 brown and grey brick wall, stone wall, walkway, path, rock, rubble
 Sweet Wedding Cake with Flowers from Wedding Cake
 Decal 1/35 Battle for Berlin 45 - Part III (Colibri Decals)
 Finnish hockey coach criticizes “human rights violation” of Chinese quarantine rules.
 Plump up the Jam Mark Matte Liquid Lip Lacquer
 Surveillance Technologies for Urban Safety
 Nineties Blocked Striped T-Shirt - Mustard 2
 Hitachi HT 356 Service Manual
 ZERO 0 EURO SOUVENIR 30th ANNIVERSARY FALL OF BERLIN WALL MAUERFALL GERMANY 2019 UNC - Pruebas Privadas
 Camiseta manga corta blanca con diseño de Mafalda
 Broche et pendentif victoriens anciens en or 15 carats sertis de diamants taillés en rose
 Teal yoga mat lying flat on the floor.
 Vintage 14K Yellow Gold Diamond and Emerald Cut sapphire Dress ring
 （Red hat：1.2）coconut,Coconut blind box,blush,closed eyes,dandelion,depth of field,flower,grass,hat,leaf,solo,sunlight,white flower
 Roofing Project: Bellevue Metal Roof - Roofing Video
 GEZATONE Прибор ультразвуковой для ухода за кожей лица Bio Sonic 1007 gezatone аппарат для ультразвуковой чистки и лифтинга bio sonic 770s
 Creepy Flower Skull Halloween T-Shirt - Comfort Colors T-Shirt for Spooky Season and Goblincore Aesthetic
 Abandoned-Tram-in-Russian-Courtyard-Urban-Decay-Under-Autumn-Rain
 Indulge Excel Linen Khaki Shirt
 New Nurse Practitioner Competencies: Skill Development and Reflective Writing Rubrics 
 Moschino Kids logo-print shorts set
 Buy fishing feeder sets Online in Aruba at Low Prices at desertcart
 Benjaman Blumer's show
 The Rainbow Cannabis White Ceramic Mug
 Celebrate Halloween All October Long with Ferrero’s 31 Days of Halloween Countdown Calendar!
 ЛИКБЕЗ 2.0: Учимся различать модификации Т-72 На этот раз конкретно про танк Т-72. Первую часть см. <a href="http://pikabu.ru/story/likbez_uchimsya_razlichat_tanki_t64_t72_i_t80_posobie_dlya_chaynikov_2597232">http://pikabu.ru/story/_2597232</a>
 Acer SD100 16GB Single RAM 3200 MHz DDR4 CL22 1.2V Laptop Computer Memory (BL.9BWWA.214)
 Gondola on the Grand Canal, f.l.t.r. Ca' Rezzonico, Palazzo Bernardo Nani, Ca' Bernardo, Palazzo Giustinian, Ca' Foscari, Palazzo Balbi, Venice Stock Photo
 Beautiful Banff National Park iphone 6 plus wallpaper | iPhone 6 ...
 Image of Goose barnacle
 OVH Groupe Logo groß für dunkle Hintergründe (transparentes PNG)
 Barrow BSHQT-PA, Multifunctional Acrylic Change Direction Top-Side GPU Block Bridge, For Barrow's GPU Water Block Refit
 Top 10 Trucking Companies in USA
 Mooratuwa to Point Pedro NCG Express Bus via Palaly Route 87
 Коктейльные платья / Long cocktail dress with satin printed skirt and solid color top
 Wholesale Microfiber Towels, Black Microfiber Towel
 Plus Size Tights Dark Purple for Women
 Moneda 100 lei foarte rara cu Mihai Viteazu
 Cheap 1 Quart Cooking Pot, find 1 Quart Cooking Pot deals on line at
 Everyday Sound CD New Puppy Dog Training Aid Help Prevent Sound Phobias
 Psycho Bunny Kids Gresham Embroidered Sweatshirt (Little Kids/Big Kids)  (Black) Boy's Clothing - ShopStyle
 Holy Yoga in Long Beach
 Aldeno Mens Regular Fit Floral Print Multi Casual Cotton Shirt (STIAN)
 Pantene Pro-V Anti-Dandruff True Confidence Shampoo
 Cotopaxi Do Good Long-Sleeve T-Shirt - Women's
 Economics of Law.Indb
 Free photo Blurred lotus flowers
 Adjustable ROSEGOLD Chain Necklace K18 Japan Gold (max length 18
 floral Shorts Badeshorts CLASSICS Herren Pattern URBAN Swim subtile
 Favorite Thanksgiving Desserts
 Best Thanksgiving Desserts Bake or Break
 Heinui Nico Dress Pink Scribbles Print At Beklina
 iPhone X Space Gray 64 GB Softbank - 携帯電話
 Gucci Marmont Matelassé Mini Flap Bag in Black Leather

---

_Exercise brief_:
Using the entries above, give back exactly the line containing "Holy Yoga in Long Beach", the line containing "Adjustable ROSEGOLD Chain", and every line between them, and nothing else.

_Answer space_:
 Holy Yoga in Long Beach
 Aldeno Mens Regular Fit Floral Print Multi Casual Cotton Shirt (STIAN)
 Pantene Pro-V Anti-Dandruff True Confidence Shampoo
 Cotopaxi Do Good Long-Sleeve T-Shirt - Women's
 Economics of Law.Indb
 Free photo Blurred lotus flowers
 Adjustable ROSEGOLD Chain Necklace K18 Japan Gold (max length 18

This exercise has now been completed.